Kubernetes Mastery

Develop and Deploy Cloud Native Applications at Scale

Horizontal Pod Autoscaler

Resources Folder Commands

  1. Mac zsh command:
kubectl apply -f https://github.com/kubernetes-sigs/metrics-server/releases/latest/download/components.yaml && kubectl patch deployment metrics-server -n kube-system --type='json' -p='[{"op": "add", "path": "/spec/template/spec/containers/0/args/-", "value":"--kubelet-insecure-tls"}]'
  1. Windows Powershell command
kubectl apply -f https://github.com/kubernetes-sigs/metrics-server/releases/latest/download/components.yaml && kubectl patch deployment metrics-server -n kube-system --type='json' -p='[{"op": "add", "path": "/spec/template/spec/containers/0/args/-", "value":"--kubelet-insecure-tls"}]'
  1. Windows CMD commands
If you are using Windows CMD, you will need to enter these two commands separately. The first command installs all the necessary components for the Metrics Server:

kubectl apply -f https://github.com/kubernetes-sigs/metrics-server/releases/latest/download/components.yaml


The second command specifically patches the deployment manifest to add the --kubelet-insecure-tls flag to the Metrics Server configuration:

kubectl patch deployment metrics-server -n kube-system --type="json" -p="[{\"op\": \"add\", \"path\": \"/spec/template/spec/containers/0/args/-\", \"value\":\"--kubelet-insecure-tls\"}]"

Key Takeaways

The Horizontal Pod Autoscaler automatically scales the number of pods in a deployment based on observed CPU utilization (most commonly).

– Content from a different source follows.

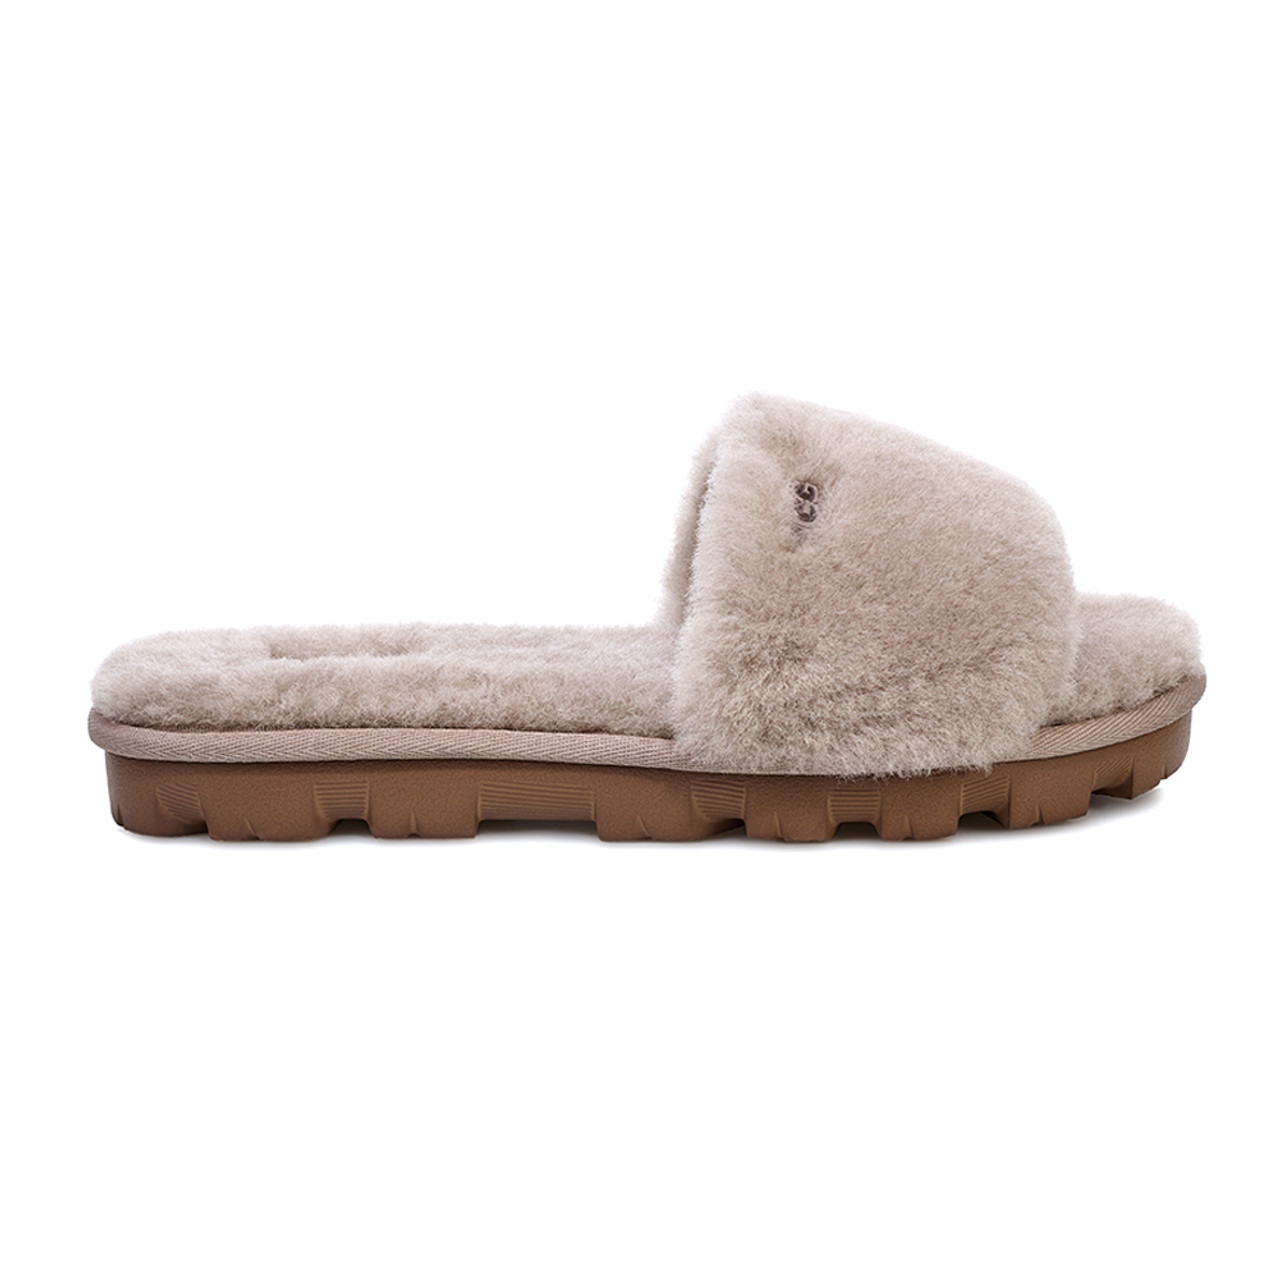 64df167ca8 UGG Women's Cozette Slide Slipper - Grey | Discount Ugg Ladie's ...

Key Components of an HPA Configuration

apiVersion: autoscaling/v2
kind: HorizontalPodAutoscaler
metadata:
  name: grade-submission-portal-hpa
  namespace: grade-submission
spec:
  scaleTargetRef:
    apiVersion: apps/v1
    kind: Deployment
    name: grade-submission-portal
  minReplicas: 1
  maxReplicas: 10
  metrics:
  - type: Resource
    resource:
      name: cpu
      target:
        type: Utilization
        averageUtilization: 50

Key HPA Features:

  • Autoscaling Behavior: The HPA will increase or decrease the number of replicas to maintain the target CPU utilization.
  • Scaling Range: The number of pods will be adjusted between 1 and 10 based on the CPU utilization.
  • Resource Metrics: While this example uses CPU, HPAs can also use memory or custom metrics.
  • Target Utilization: 50% target utilization is a common starting point, but this can be adjusted based on application needs.
  • Namespace Scoping: The HPA is namespace-specific, allowing for isolated scaling policies across different parts of your application.
  • Scaling Algorithm: Kubernetes uses a control loop to periodically adjust the number of replicas based on the observed metrics.

Understanding and effectively configuring HPAs is crucial for building scalable and efficient applications in Kubernetes, ensuring optimal resource utilization and performance under varying loads.